После того как много лет назад кардинал Ришелье объявил поход против европейского католического союза, так и по сей день протестантская Франция пребывала в состоянии войны с иезуитской венской коалицией. Причем войны, совершенно не нужной Парижу, изнурительной и бессмысленной в самом своем замысле.

«Так на какие же союзнические обязательства Франции может рассчитывать в такой ситуации король Польши? – спрашивали себя политики, не опьяненные красотой Марии Гонзаги. – Это все равно, что вступать в брак с дочерью погорельцев».

А вот то, что вконец ослабленная почти двадцатипятилетней войной Франция с помощью Марии Гонзаги яростно пытается втянуть Речь Посполитую в борьбу против Испании и всего иезуитского ордена, стало очевидным уже с первых дней.

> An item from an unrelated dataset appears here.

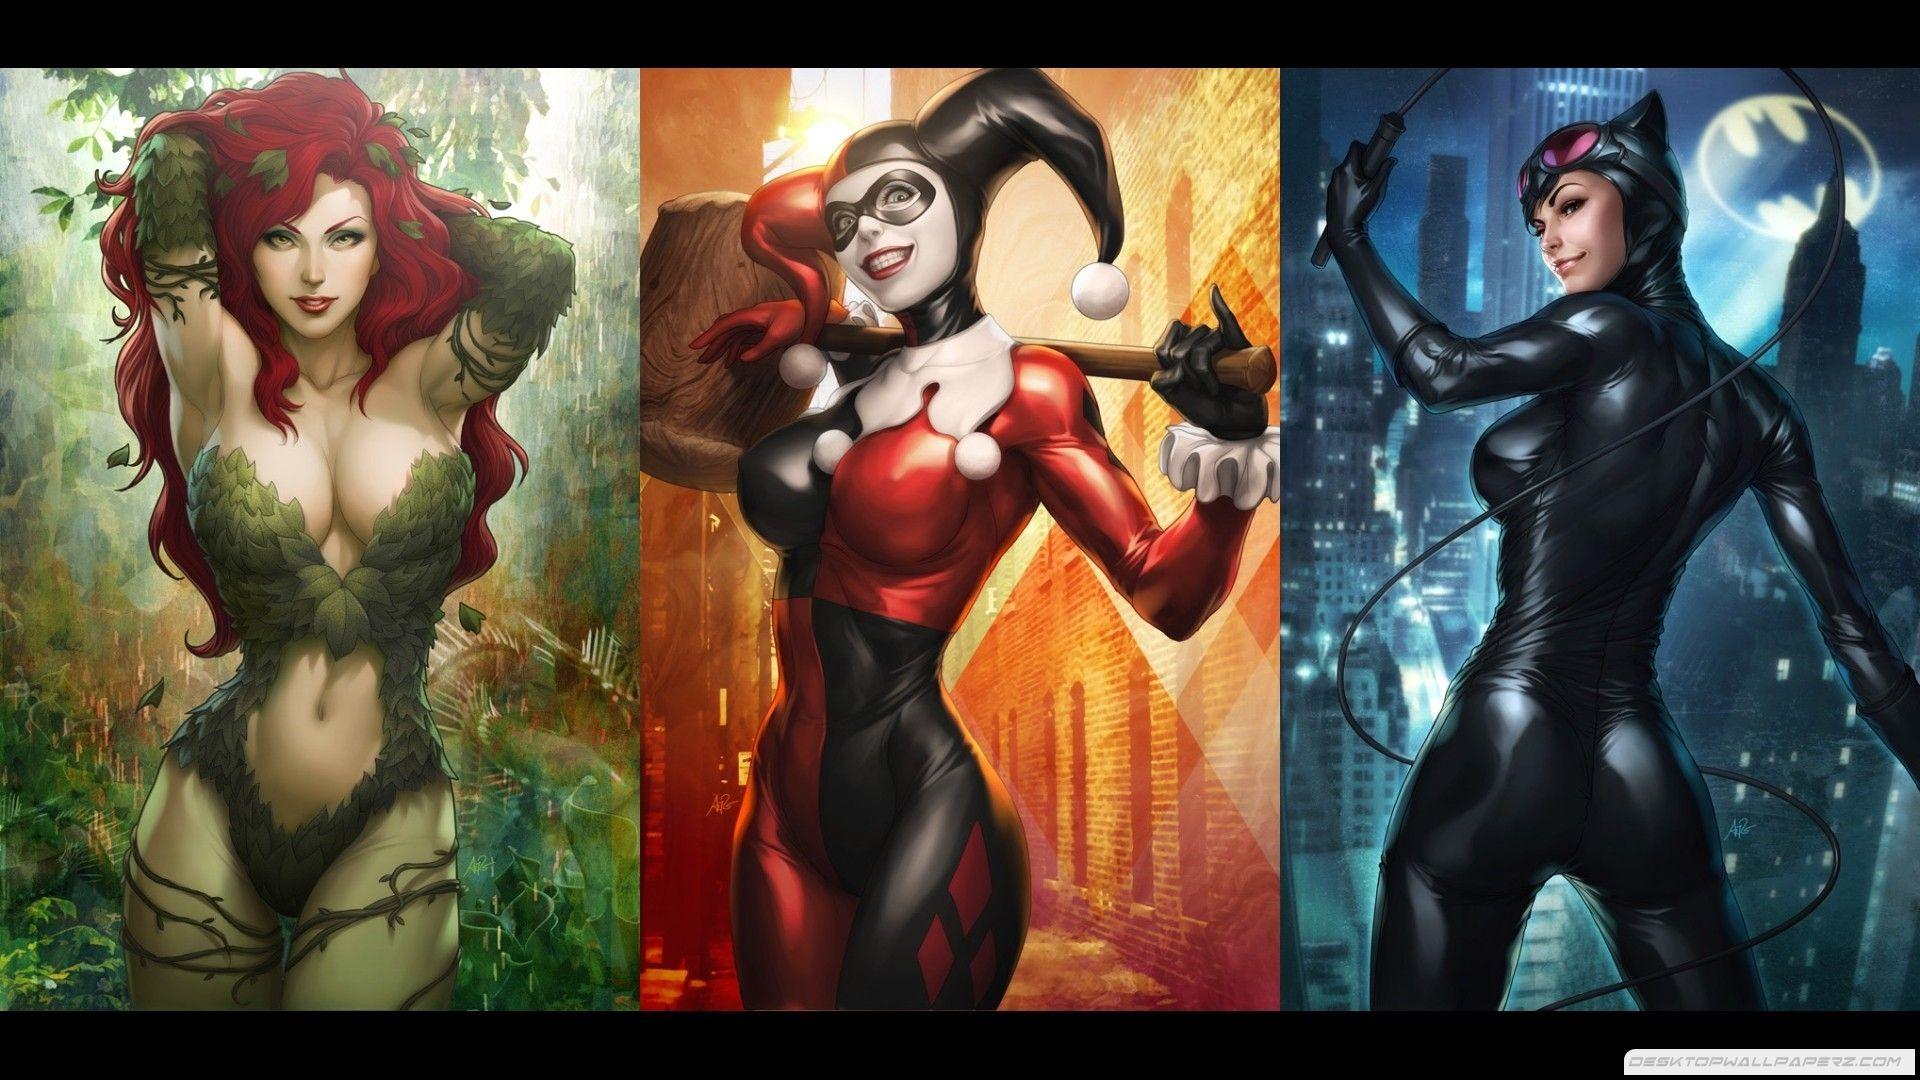 Catwoman harley quinn poison ivy wonder woman supergirl batgirl

Причем новая королева-француженка принялась вовлекать Польшу в эту авантюру с такой безоглядной яростью, словно совершенно не понимала, что может погубить этим все королевство. Теперь уже… ее королевство. И что нельзя политику превращать в «танец сумасшедшей на пепелище». Еще немного, и против ее двора могло восстать все иезуитство Речи Посполитой.

Пожалуй, только самой королеве не было ясно, что святые отцы ордена давно стремятся превратить свое братство в Польше чуть ли не в меченосный призрак Тевтонского ордена. А если черная туча иезуитства окрепнет и окончательно окутает польские земли, то кто, какой пророк способен предречь, когда грянет очередная, спасительная Грюнвальдская битва, в которой на сей раз поляки будут истреблять поляков?

Советники не раз призывали короля быть осмотрительнее, не позволяя втягивать себя в авантюры «плутоватого итальяшки» Мазарини, кардинала и первого министра Франции. Но вскоре поняли, что все их предостережения бессмысленны.

– В пантеон королей? – вежливо осведомился маршалок-распорядитель королевского двора, как только король вошел в старинный краковский дворец.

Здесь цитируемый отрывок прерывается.